Ольга Порфирьевна Воронова. "Куинджи в Петербурге"
Дни триумфов и перемен
Нет, Волга не прельстила Куинджи. Зато Кавказ стал ему так же дорог, как Крым и Украина. В 1888 году Ярошенко, купивший в Кисловодске небольшую усадьбу - дом с несколькими флигельками, зазвал его к себе. И каким же счастливым было это лето! Прекрасная природа, удивительные путешествия, творческое общение с близкими по духу людьми. На Дондуковской улице в Кисловодске - что на Сергиевской в Петербурге.
Те же гости (на даче Николая Александровича перебывала добрая половина постоянных посетителей «суббот»), такие же волнующие, страстные разговоры. «Каких жгучих вопросов там не было затронуто и решено теоретически!» - вспомнит в старости Нестеров.

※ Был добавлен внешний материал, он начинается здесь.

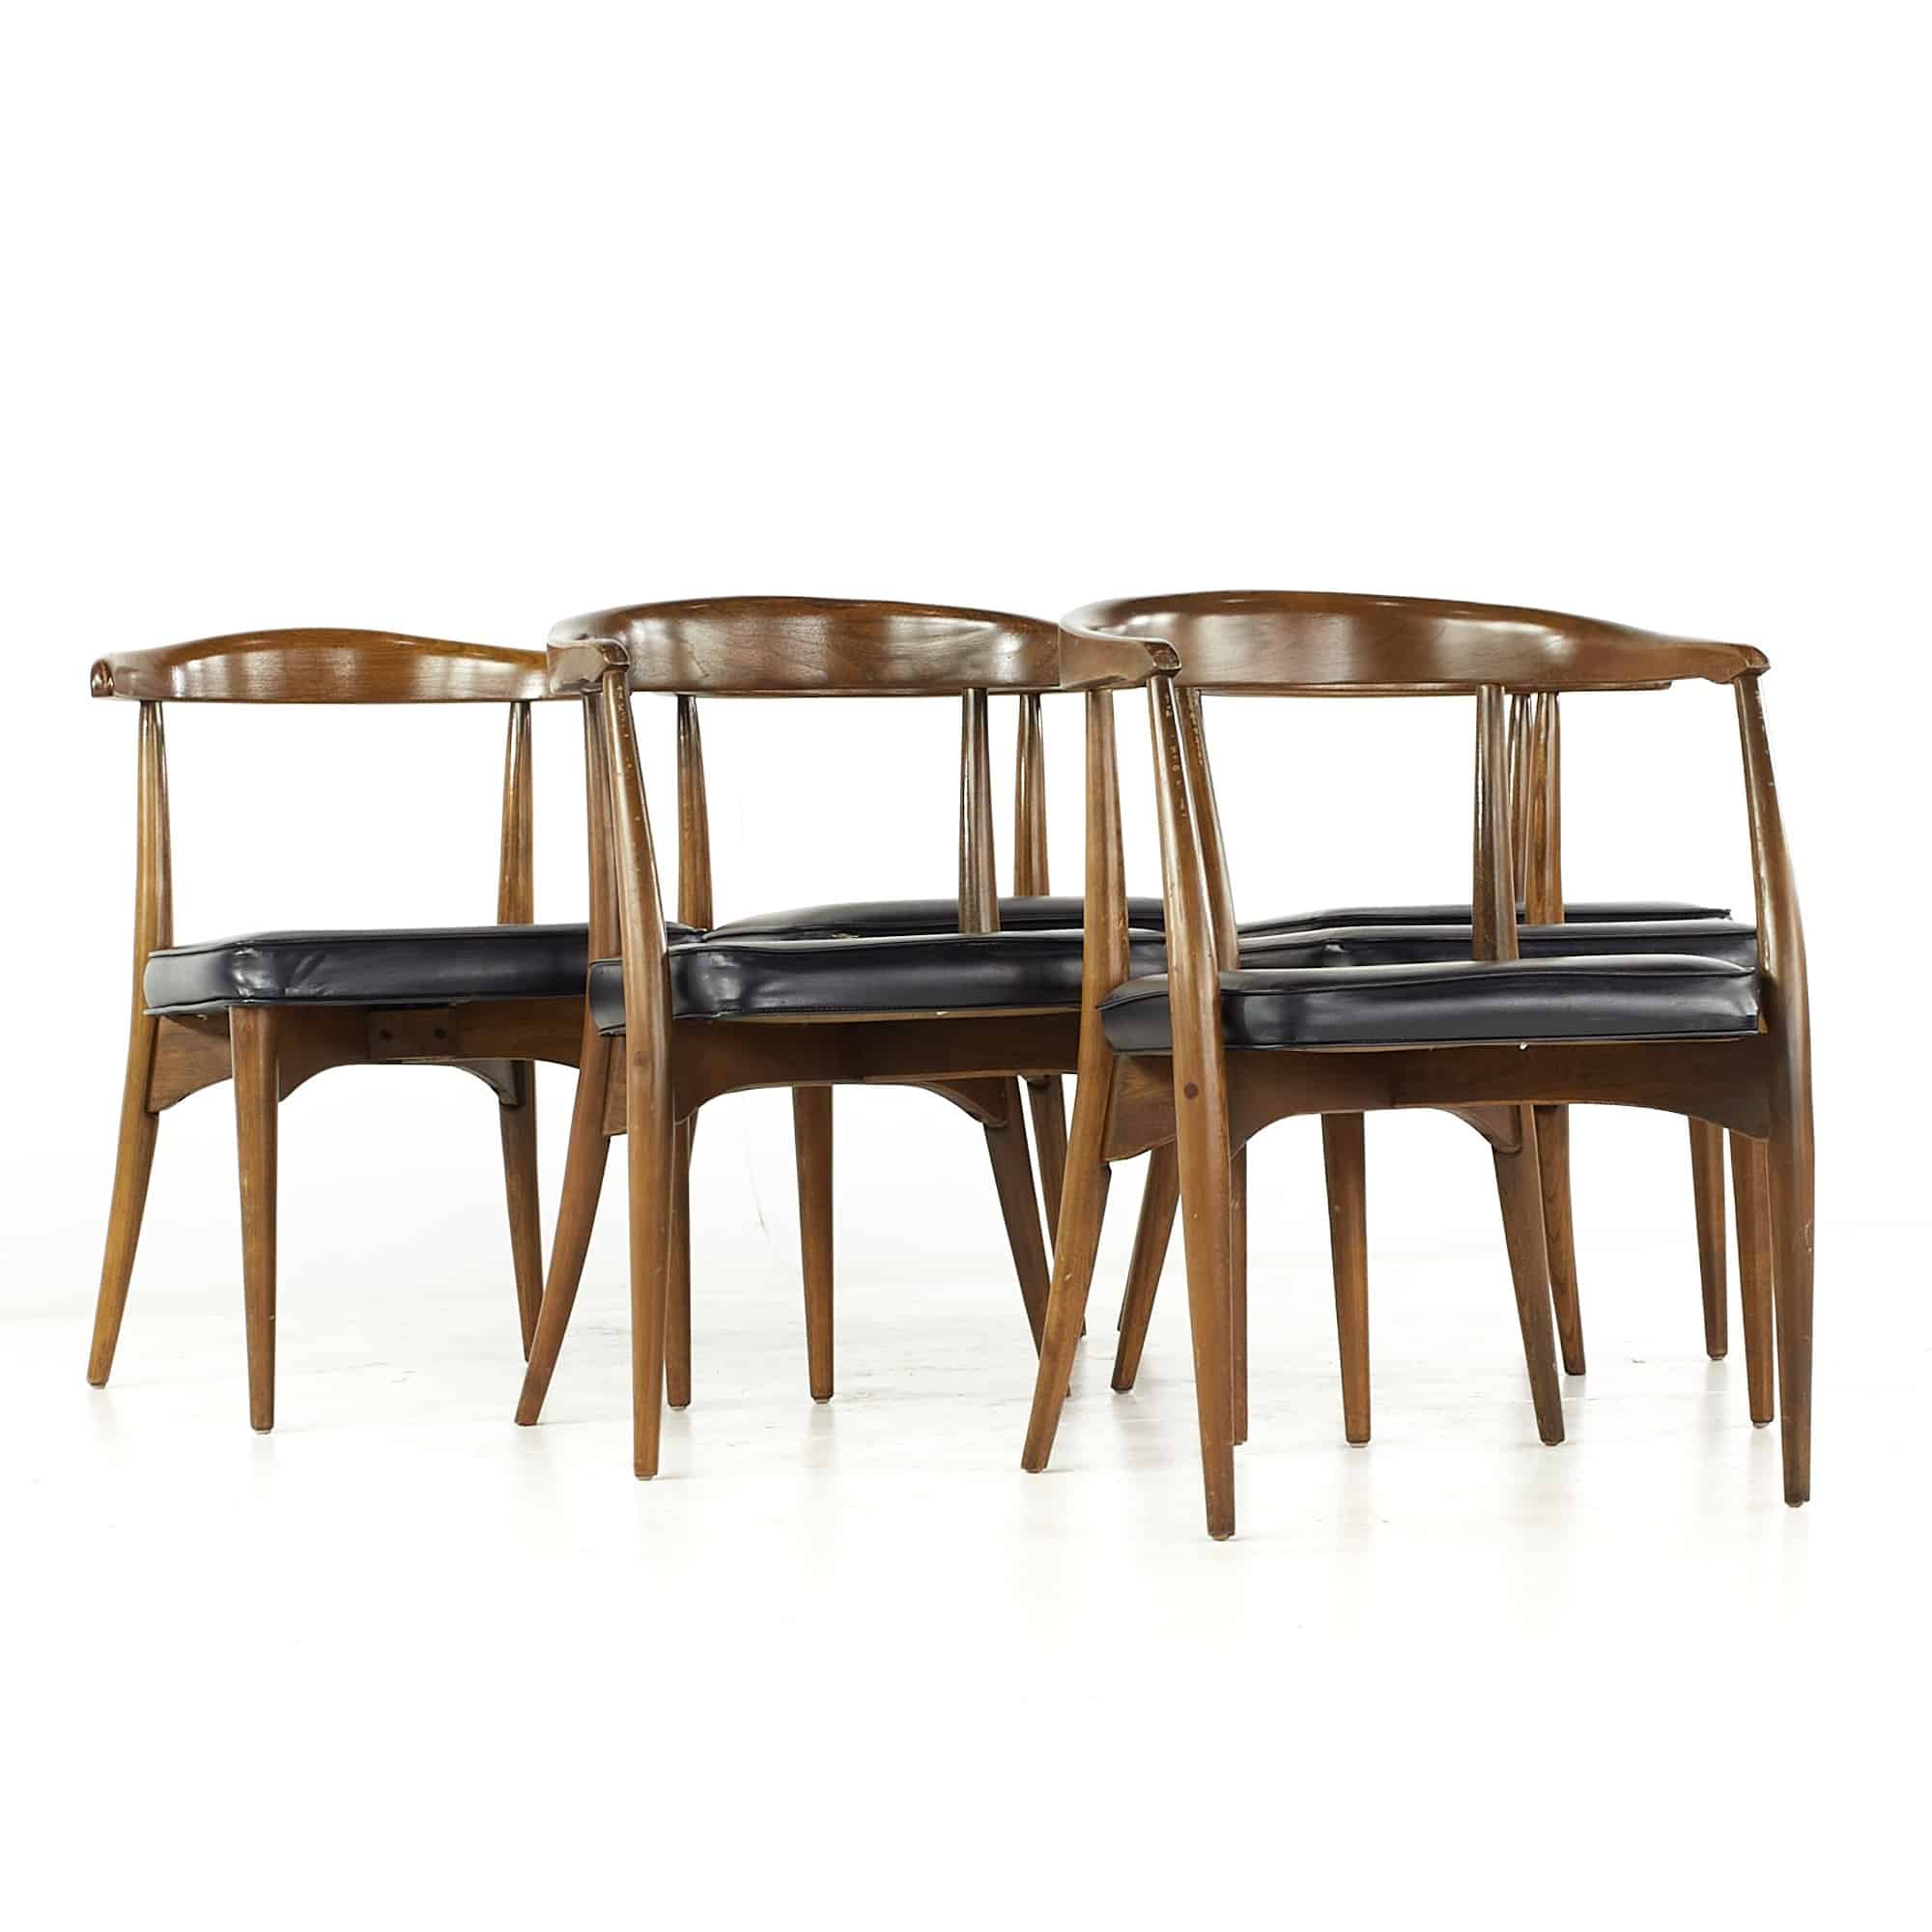 Lawrence Peabody Mid Century Walnut Dining Chairs - Set of 6
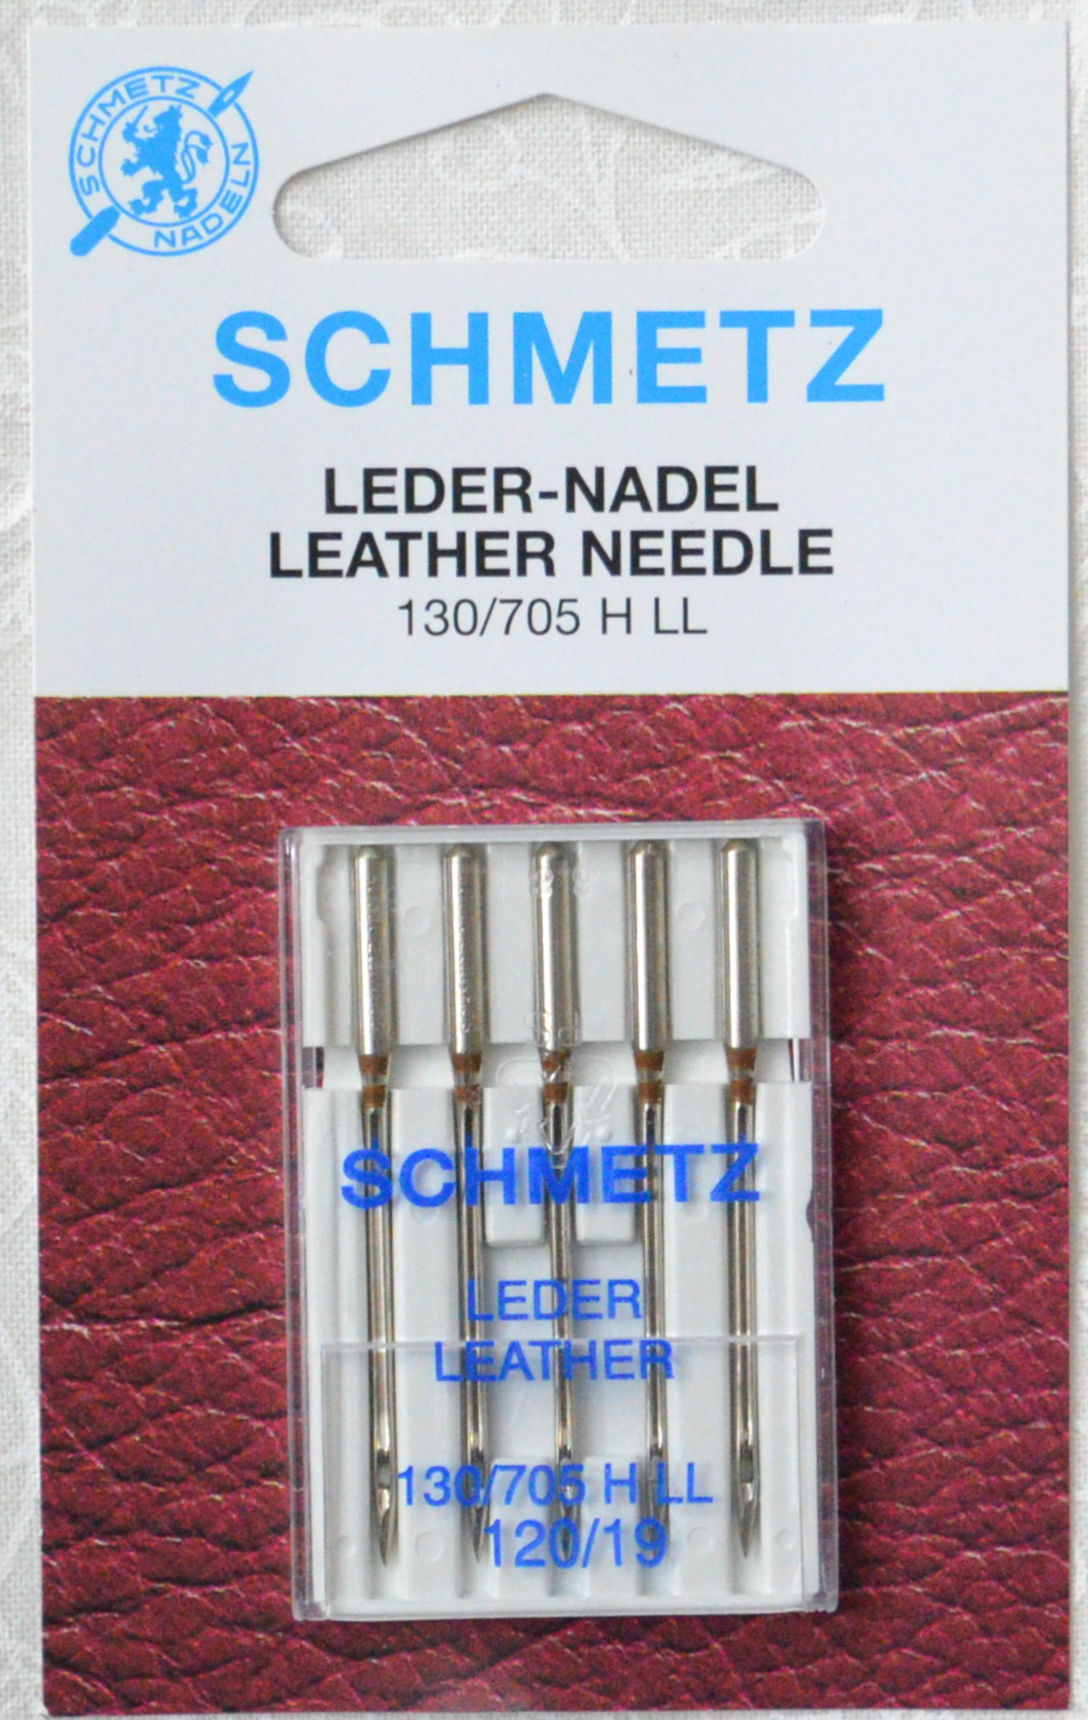 50 Schmetz Embroidery Sewing Machine Needles Box of 10 Cards Assorted Sizes

Преддверием, вратами Кавказа стал для Архипа Ивановича дом Ярошенко. С балкона, расписанного в стиле помпейских орнаментов, вдали на горизонте была видна Крестовая гора, поближе - холм, заросший соснами,- жители Кисловодска звали его Сосновой горкой. Миновав эту горку, можно было подняться на высокое горное плато, огромной дикой скалой обрывающееся в долину. С него был виден Эльбрус. Двуглавый, заснеженный. Едва взглянув, Куинджи понял, что непременно поедет посмотреть на него вблизи.
Путешествие к угрюмому Казбеку, огромному и грозному. Путешествие по Дарьяльскому ущелью, стиснутому поднимающимися почти до неба скалами; с их головокружительной высоты с яростным громом низвергались дикие горные реки - лошади прядали ушами, шли неторопливо, осторожно. Путешествие на гору Берма-мыт - там Куинджи и Ярошенко встретились с редчайшим оптическим явлением, названным по имени места, где оно впервые было зафиксировано, «брокенским привидением»: на поверхности радужно окрашенного облака они увидели призрачные отражения своих фигур; большие, много больше натуральных, фигуры эти повторяли движения и жесты художников.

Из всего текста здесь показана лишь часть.